These additional cond_resched() do not seem to impact performance, at
least for the workload below.
Here is a program which can cause soft lockup on a if other system
activity sets need_resched().
int main()
{
struct rlimit rlim;
int i;
int f[100000];
char buf[20];
struct timeval t1, t2;
double diff;
/* cleanup past run */
system("rm -rf x");
/* boost nfile rlimit */
rlim.rlim_cur = 200000;
rlim.rlim_max = 200000;
if (setrlimit(RLIMIT_NOFILE, &rlim))
err(1, "setrlimit");
/* make directory for files */
if (mkdir("x", 0700))
err(1, "mkdir");
if (gettimeofday(&t1, NULL))
err(1, "gettimeofday");
/* populate directory with open files */
for (i = 0; i < 100000; i++) {
snprintf(buf, sizeof(buf), "x/%d", i);
f[i] = open(buf, O_CREAT);
if (f[i] == -1)
err(1, "open");
}
/* close some of the files */
for (i = 0; i < 85000; i++)
close(f[i]);
/* unlink all files, even open ones */
system("rm -rf x");
if (gettimeofday(&t2, NULL))
err(1, "gettimeofday");
diff = (((double)t2.tv_sec * 1000000 + t2.tv_usec) -
((double)t1.tv_sec * 1000000 + t1.tv_usec));
printf("done: %g elapsed\n", diff/1e6);
return 0;
}
Signed-off-by: Greg Thelen <[email protected]>
---
fs/dcache.c | 2 ++
1 file changed, 2 insertions(+)
diff --git a/fs/dcache.c b/fs/dcache.c
index fbfae008..105e973 100644
--- a/fs/dcache.c
+++ b/fs/dcache.c
@@ -818,6 +818,8 @@ static void shrink_dentry_list(struct list_head *list)
try_prune_one_dentry(dentry);
+ cond_resched();
+
rcu_read_lock();
}
rcu_read_unlock();
--
1.8.1.3
On Mon, Mar 25, 2013 at 10:22:31AM -0700, Greg Thelen wrote:
> Call cond_resched() from shrink_dentry_list() to preserve
> shrink_dcache_parent() interactivity.
>
> void shrink_dcache_parent(struct dentry * parent)
> {
> while ((found = select_parent(parent, &dispose)) != 0)
> shrink_dentry_list(&dispose);
> }
>
> select_parent() populates the dispose list with dentries which
> shrink_dentry_list() then deletes. select_parent() carefully uses
> need_resched() to avoid doing too much work at once. But neither
> shrink_dcache_parent() nor its called functions call cond_resched().

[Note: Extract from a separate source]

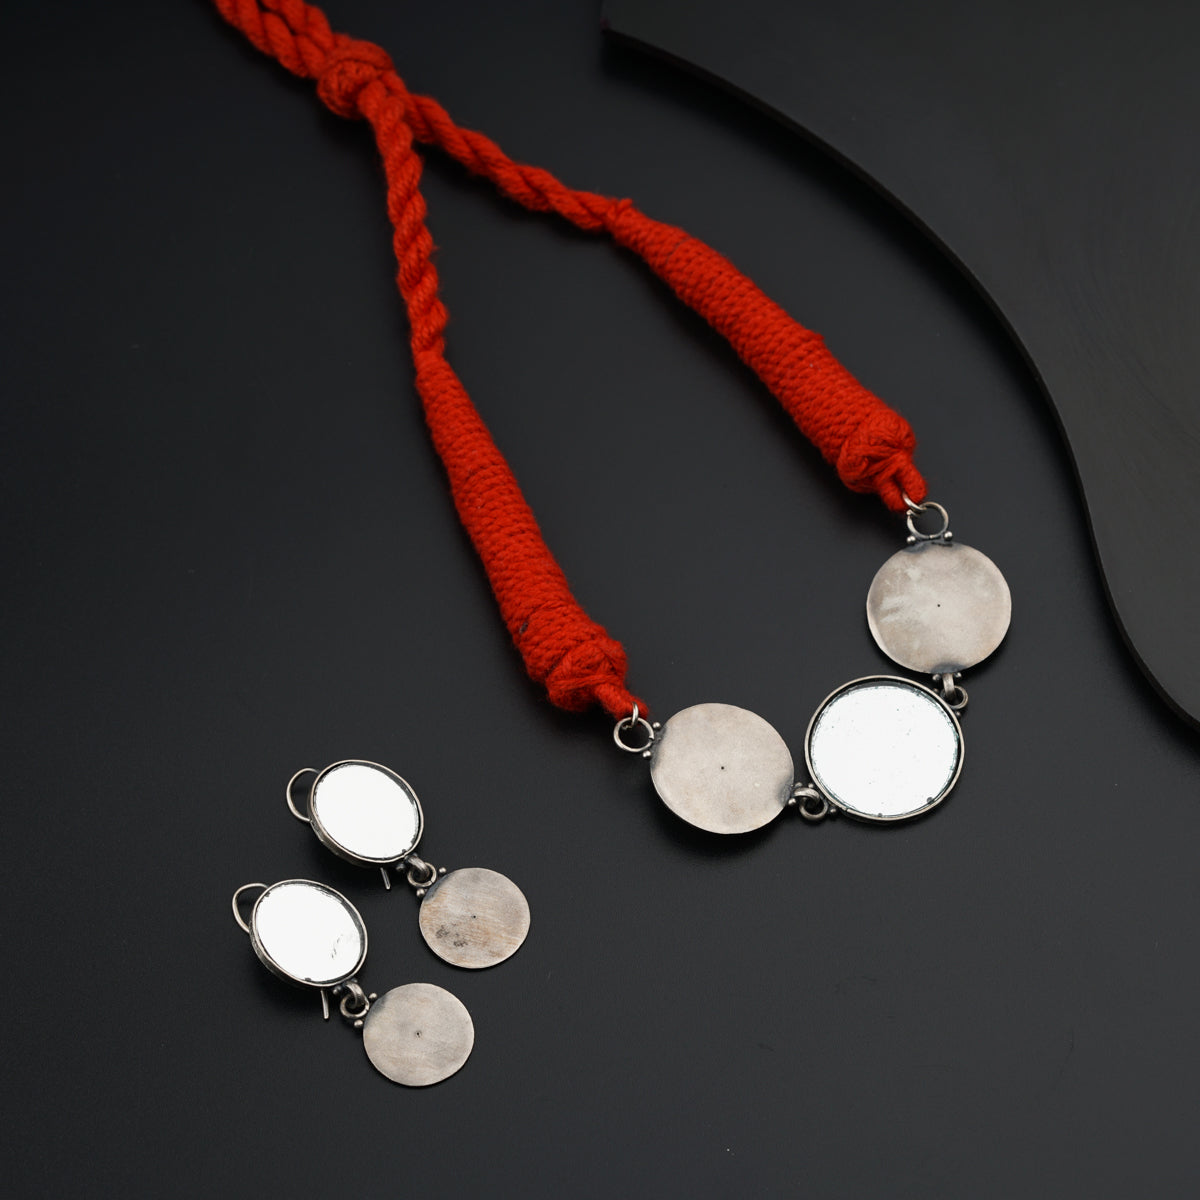 a pair of silver and red necklaces on a black surface

> So once need_resched() is set select_parent() will return single
> dentry dispose list which is then deleted by shrink_dentry_list().
> This is inefficient when there are a lot of dentry to process. This
> can cause softlockup and hurts interactivity on non preemptable
> kernels.
Hi Greg,
I can see how this coul dcause problems, but isn't the problem then
that shrink_dcache_parent()/select_parent() itself is mishandling
the need for rescheduling rather than being a problem with
the shrink_dentry_list() implementation? i.e. select_parent() is
aborting batching based on a need for rescheduling, but then not
doing that itself and assuming that someone else will do the
reschedule for it?
Perhaps this is a better approach:
- while ((found = select_parent(parent, &dispose)) != 0)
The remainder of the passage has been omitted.